Interaction between RYK and Eph receptors is also involved in regulating the migration of neuroprogenitors. Indeed, overexpression of full-length RYK, but not a mutant form that does not bind to Eph-B3, inhibited radial migration of cortical neuroprogenitors in the rat cortex. Conversely, a mutant form of RYK lacking the kinase domain (including six out of nine tyrosines) had no effect on radial cell migration and still bound Eph-B3, suggesting that the function of RYK in cortical cell migration is independent of tyrosine phosphorylation but correlates with Eph-B3 binding (Kamitori et al. 2005). Altogether, these results suggest that RYK and Eph receptors act as agonists in regulating cortical cell migration during development (Fig. 2).

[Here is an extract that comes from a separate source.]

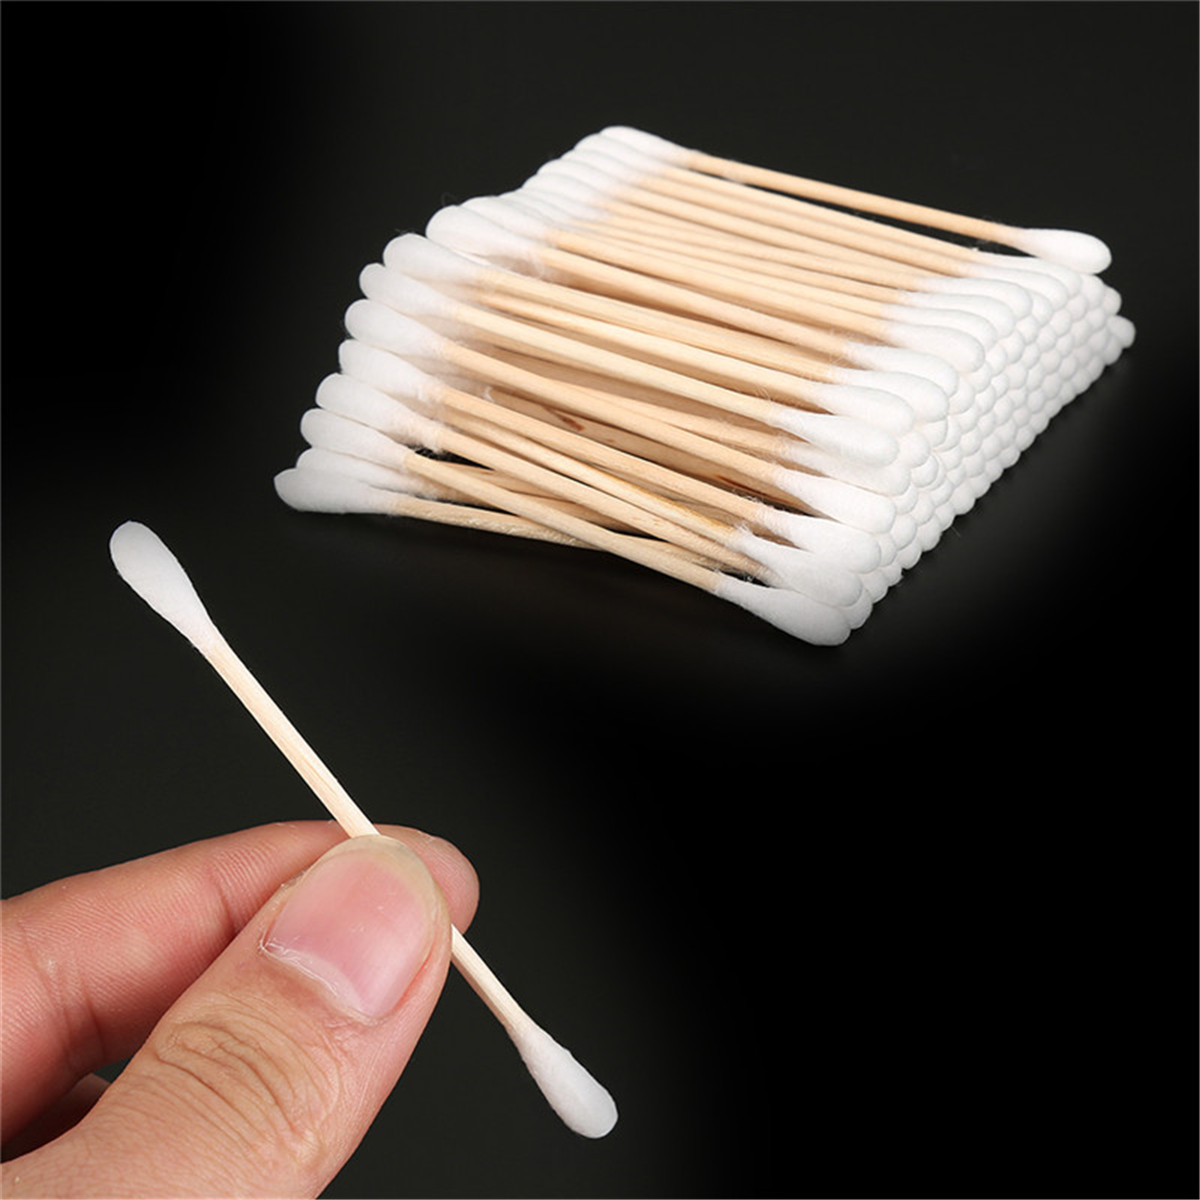 100x-Cotton-Swabs-Swab-Applicator-Q-Tips-Double-Head-Wooden-Stick-Cleaning-Tools-1582736-5

The latter study, however, must be interpreted in light of recent findings showing that RYK is an alternate receptor for Wnt proteins (Inoue et al. 2004; Lu et al. 2004) and that the Wnt/β-catenin pathway is also involved in cortical cell migration (Machon et al. 2003). To complicate matters further, a recent study uncovered an antagonistic relationship between Wnt/RYK and Eph/ephrin pathways in controlling retinotectal topographic mapping (Schmitt et al. 2006). Topographic mapping is a process ensuring that axons project to their appropriate target in the brain. Eph/ephrin signaling has been involved in positioning retinotectal projections along the medial–lateral axis; however, it cannot alone account for correct mapping in the tectum. In their very elegant study, Schmitt et al. (2006) demonstrate that the Wnt3/RYK pathway acts as a lateral mapping force to counterbalance the Eph-B/ephrin-B medial mapping force in the tectum. Although Schmitt et al. (2006) favor the idea of two independent pathways, their results do not rule out the possibility that both pathways directly modulate each other.

Chemokine receptors

Chemokines and their cell surface G-protein-coupled receptors are major regulators of cell trafficking. Among the wide number of chemokines and chemokine receptors (Zlotnik and Yoshie 2000), the CXCR4/SDF-1 pair stands out since the function of the CXCR4/SDF-1 signaling pathway is not limited to cell trafficking but also encompasses important roles in organogenesis and embryonic development (Kucia et al. 2004). The CXCR4/SDF-1 pathway has been shown to regulate multiple cellular processes such as locomotion, adhesion, secretion, and potentially survival and proliferation (Kucia et al. 2004). In 2001, Lu et al. (2001) demonstrated that activation of ephrin-B reverse signaling inhibited SDF-1-induced chemotaxis of cerebellar granule cells. The mechanistic basis for this inhibition was partly elucidated with the identification of PDZ-RGS3, a protein that binds the cytoplasmic domain of ephrin-Bs and is able to inactivate G-protein signaling via its GAP activity (Fig. 2; Lu et al. 2001). Similar results were obtained in T cells, as it was shown that activation of Eph-A receptors inhibited SDF-1-induced chemotaxis by altering the balance of small GTPases activity in these cells (Fig. 2; Sharfe et al. 2002). Down-regulation of chemokine-induced migration by Eph/ephrin signaling was also shown to be important to regulate trophoblast movement involved in arteriole remodeling during human placentation (Red-Horse et al. 2005). Unlike the studies above, which demonstrated an antagonistic relationship between Eph/ephrin and CXCR4/SDF-1 signaling, Salvucci et al. (2006) reported that an agonistic interaction between these pathways regulates endothelial movement and morphogenesis of blood vessels (Fig. 2). Stimulation of the Eph/ephrin signaling cascade enhanced SDF-1-induced chemotaxis in endothelial cells, and both pathways synergized to activate/phosphorylate AKT (Salvucci et al. 2006). Therefore, these studies clearly demonstrate that Eph/ephrin signaling and CXCR4/SDF-1 signaling cooperate to regulate a number of biological processes involving cell chemotaxis. Although the data so far point to a cross-talk at the level of downstream effectors, it would be interesting to test for direct interactions between these proteins, especially in light of the fact that both pathways localize in lipid rafts (Gauthier and Robbins 2003; Wysoczynski et al. 2005; Giri et al. 2007).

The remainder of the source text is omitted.